There are so many different micronutrients in vegetables that it is difficult for scientists to identify them all, let alone reproduce them in pill form. Similarly, people who regularly spend quality time with children benefit from these experiences in countless ways.

One of the benefits of children is that they are able to live in the moment, laugh easily and be playful without feeling silly. As we grow into adulthood many of us lose the ability to laugh, to have a sense of humour, and ‘to take ourselves lightly’. People, who allow themselves to connect with children on their level and get into their world, find it much easier to reconnect with their own ‘inner child’.

The good news is that our bodies naturally release ‘feel-good hormones’ called endorphins into our systems when we laugh out loud. So laughing with children allows you to tap into a powerful resource that is known to relieve physical tension and stress, boost the immune system and protect the heart, both physically and figuratively.

In fact, Norman Cousins tells in his book Anatomy of an Illness, how he was cured of a potentially fatal illness by watching comedy movies. He literally used laughter as therapy. Children laugh so freely and easily that being around them can be described as being in a “therapy zone”.

We can learn a great deal from extensive studies done by the World Health Organization into the lifestyles of communities that are well-known for their longevity, such as the Italian community of Campodimele, the Hunza of Pakistan, and the Okinawans who live on islands near Japan.

What do these communities have in common that cause them to enjoy a life expectancy 20-30 years higher than the rest of us?

Not surprisingly, they eat sparingly of a largely plant-based diet and their daily exercise incorporates physical activity such as gardening and walking. But most interestingly, another similar pattern that was found in all of these very special communities is that they typically live in close family units of five generations living under one roof. As a result, adults get to interact with little children often and for most of their lives.

They live simply and slowly as they provide their children with healthy boundaries and enough emotional stability and security that will sustain them throughout their lives. According to the researchers they typically live out their lives “singing, eating joyfully and living in peace with themselves and with the environment”.
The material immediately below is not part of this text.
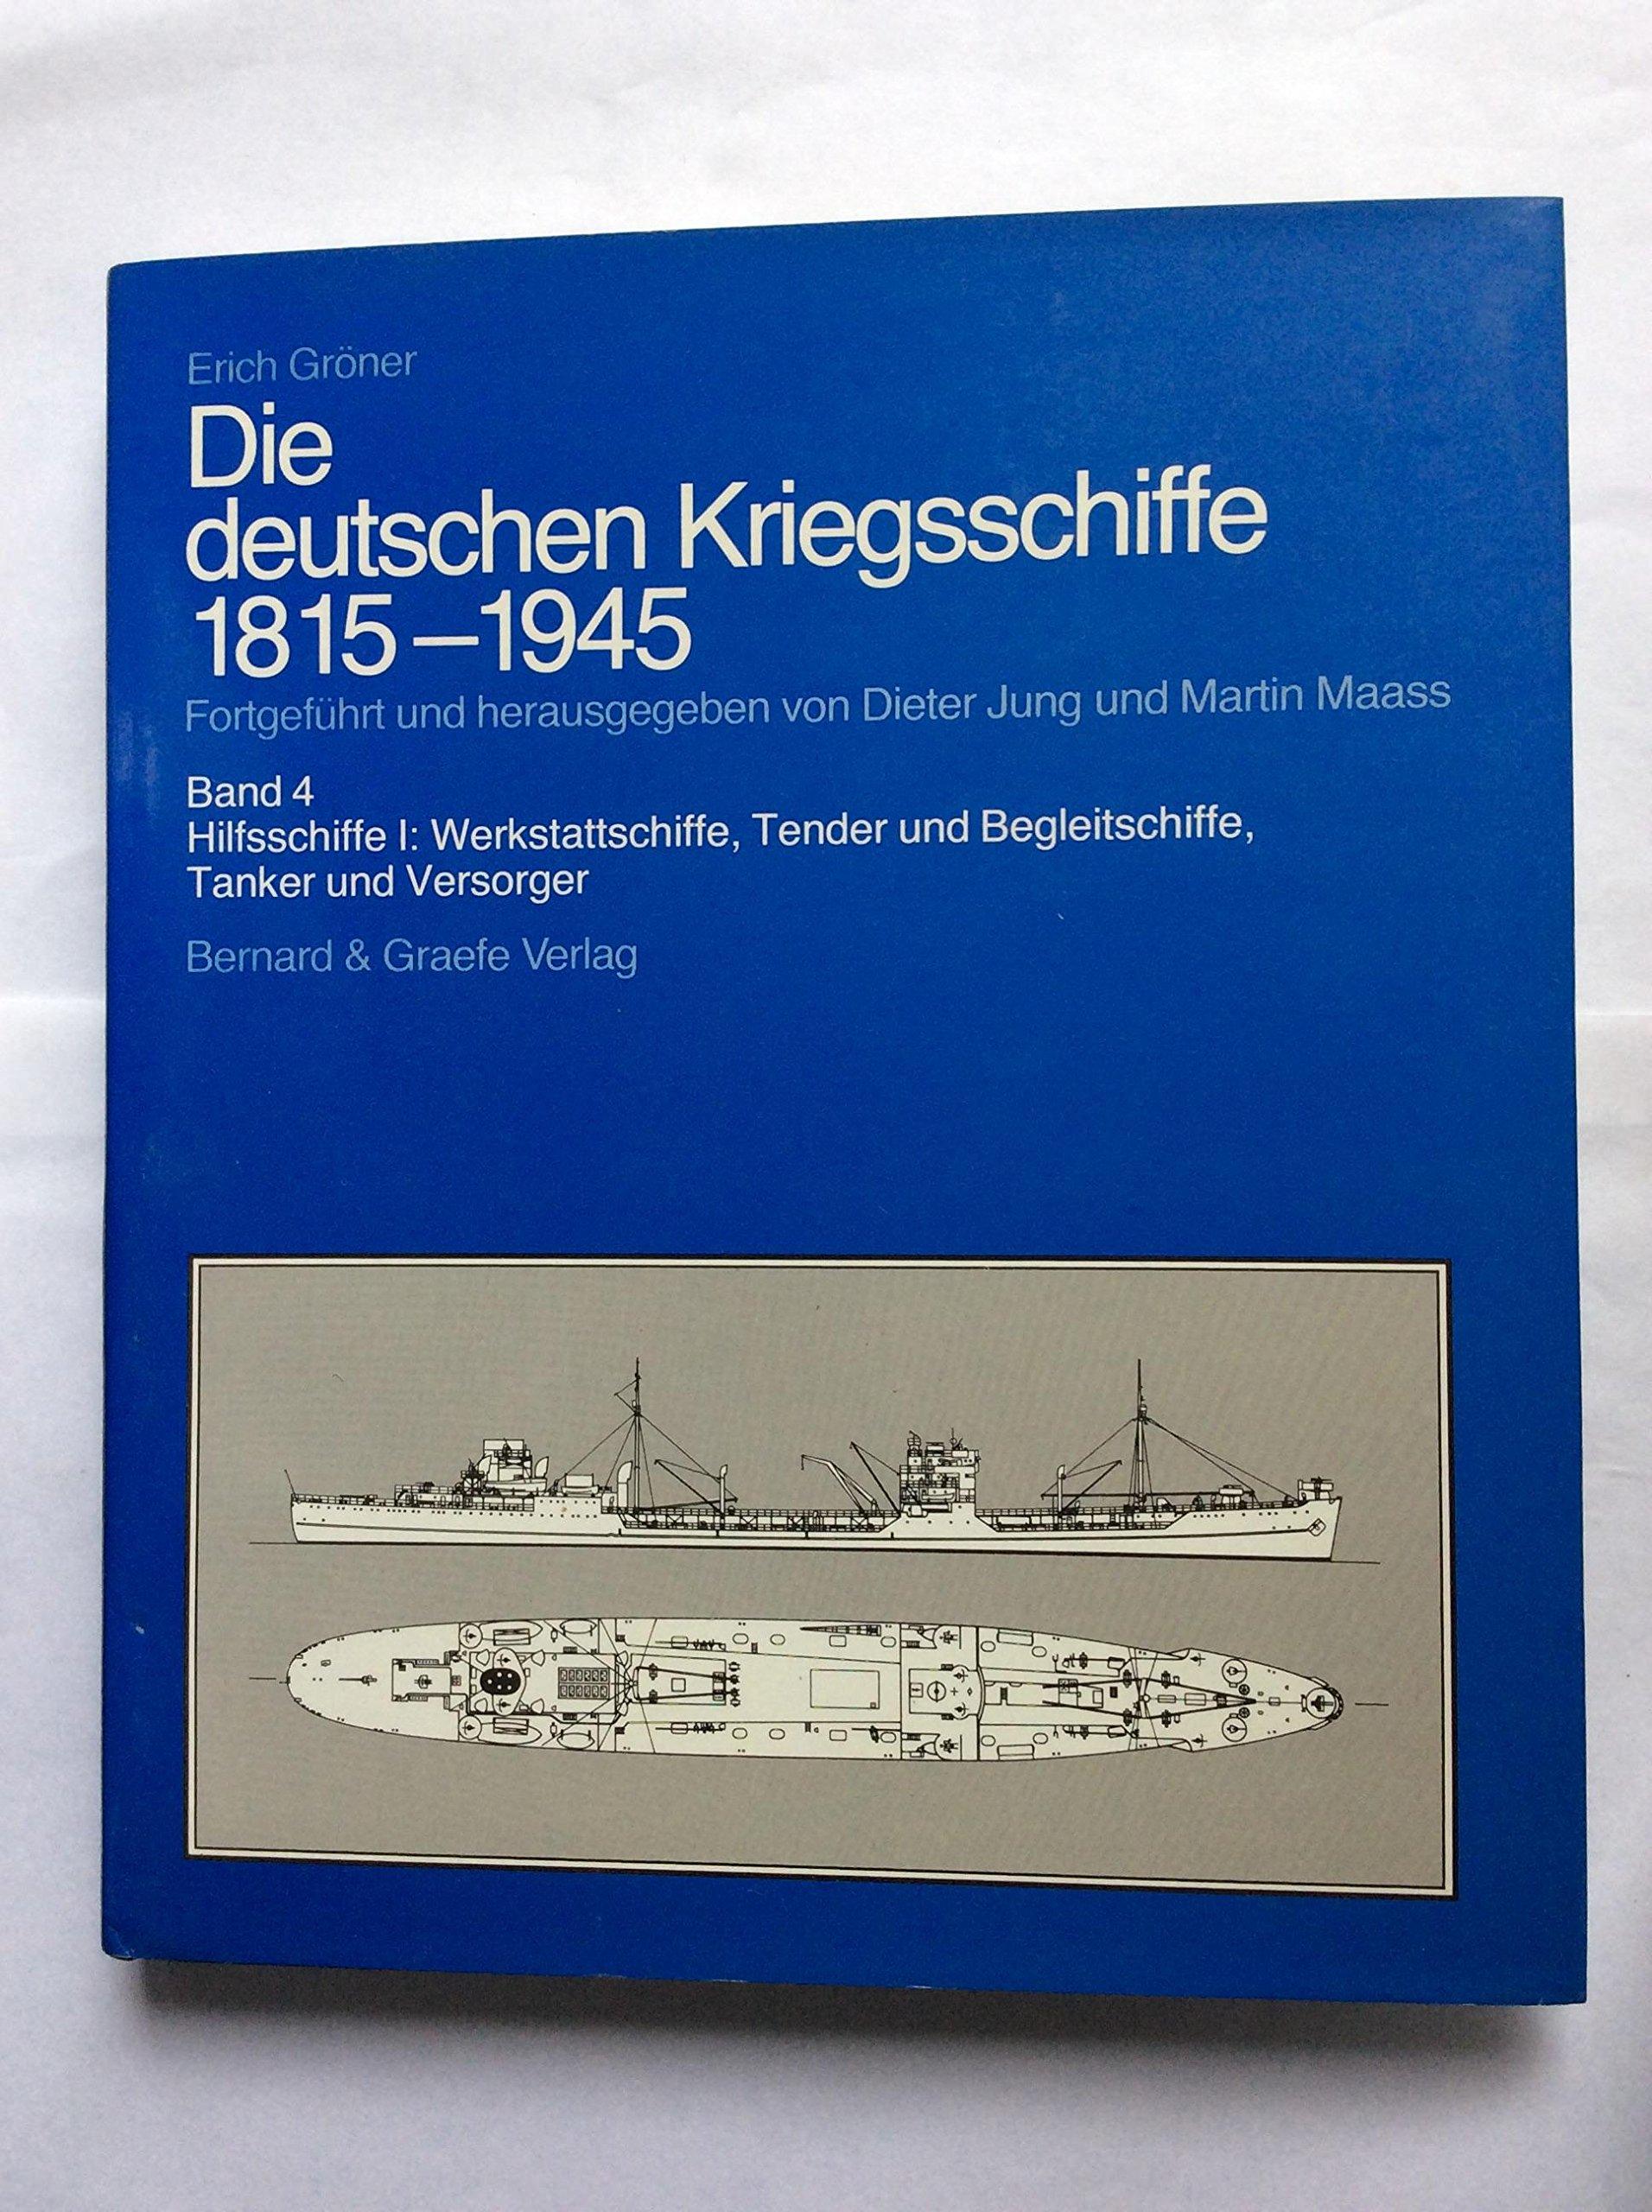 Die deutschen Kriegsschiffe 1815-1945, 8 Bde. in 9 Tl.-Bdn, Bd.4, Hilfsschiffe

To many of us this sounds like an impossible dream. But is it really? Even though many facets of our world are far removed from this picture, there is at least one wonderful component that we have in common with these privileged communities: our children start off just as innocent and playful as theirs and they have just as much to offer us. The only difference is how we guide them and how we allow them to impact our lives.

The lesson to take from this is that in life, truly, less is more. If we haven’t learnt this from other sources, let’s allow our children to teach us the practicals.
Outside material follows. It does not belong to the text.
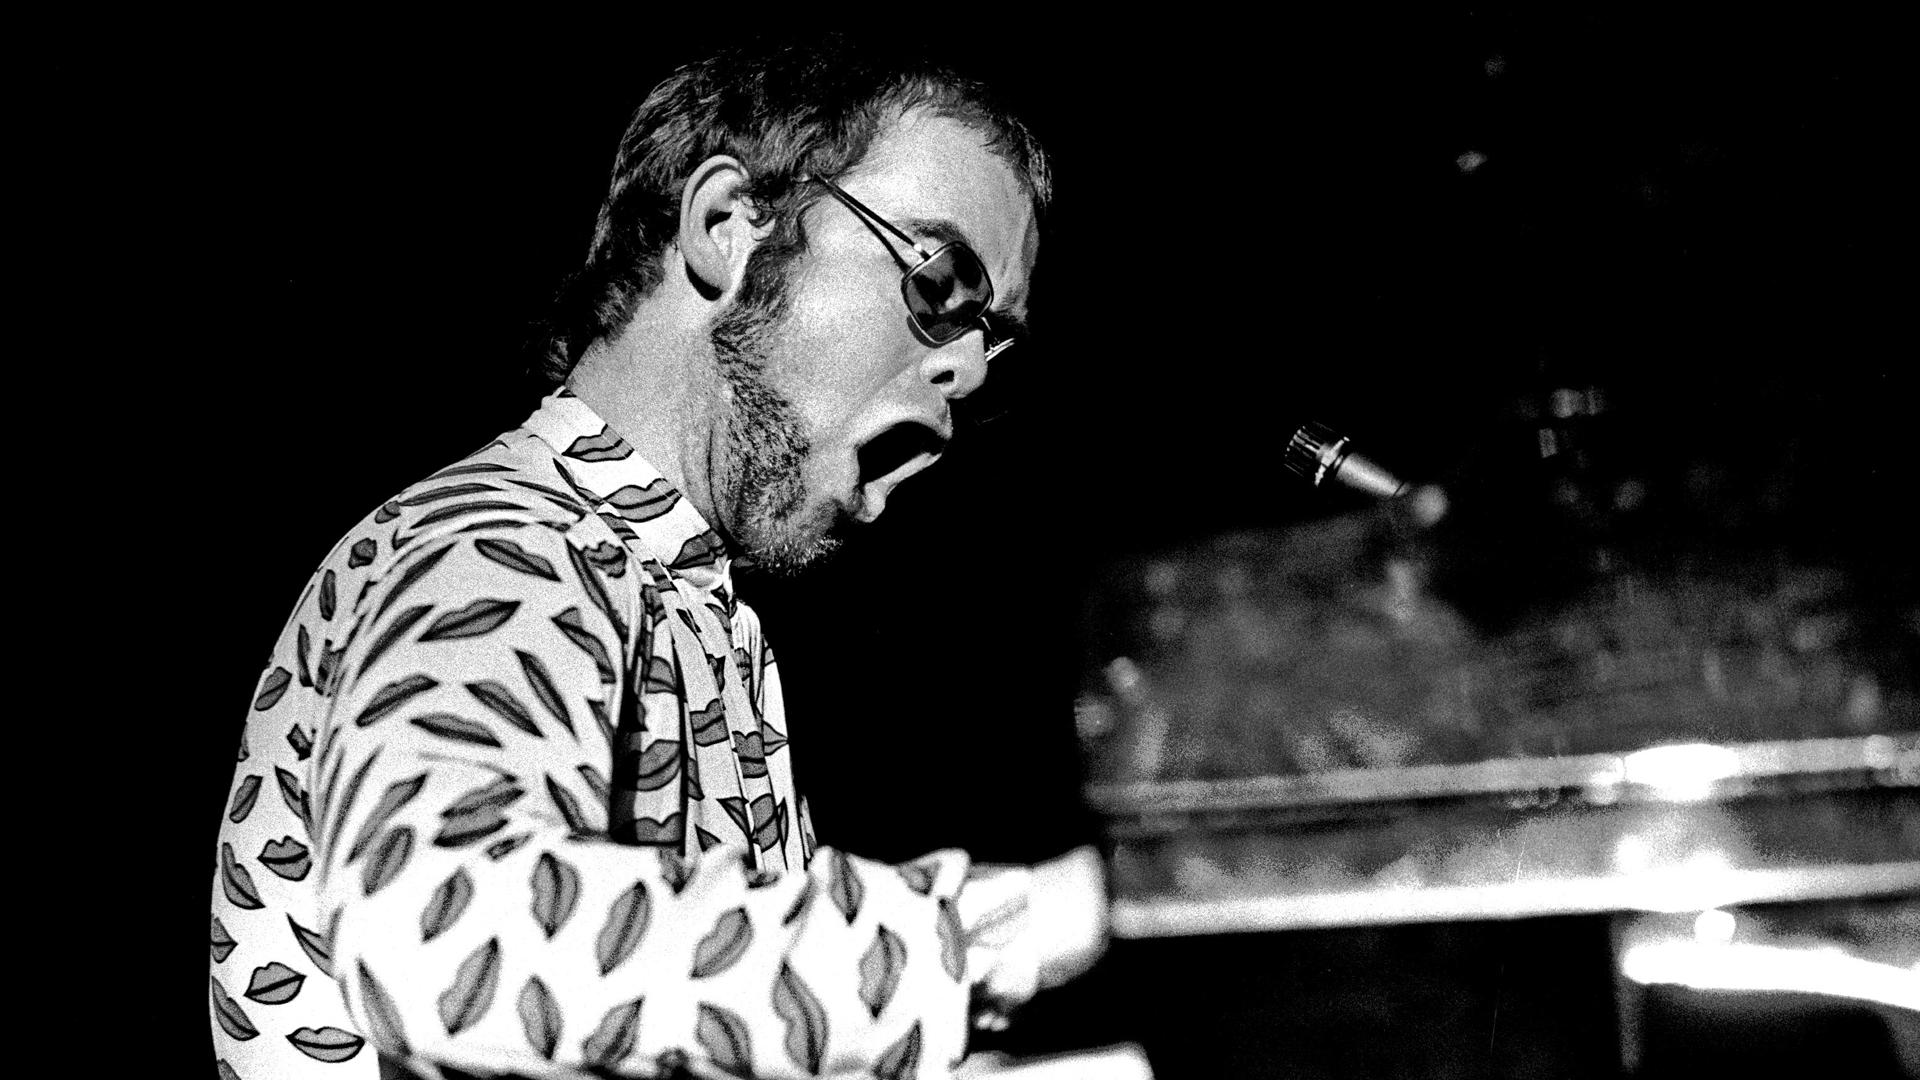 Elton John   Elton John Wallpaper 41028520 1920x1080

Regardless of your religious views, I believe the following words written by G.K. Chesterton, from his famous book Orthodoxy, apply to all of us:

"Because children have abounding vitality, because they are in spirit fierce and free, therefore they want things repeated and unchanged. They always say, "Do it again"; and the grown-up person does it again until he is nearly dead. For grown-up people are not strong enough to exult in monotony. But perhaps God is strong enough to exult in monotony. It is possible that God says every morning, "Do it again" to the sun; and every evening, "Do it again" to the moon. It may not be automatic necessity that makes all daisies alike; it may be that God makes every daisy separately, but has never got tired of making them. It may be that He has the eternal appetite of infancy; for we have sinned and grown old, and our Father is younger than we." 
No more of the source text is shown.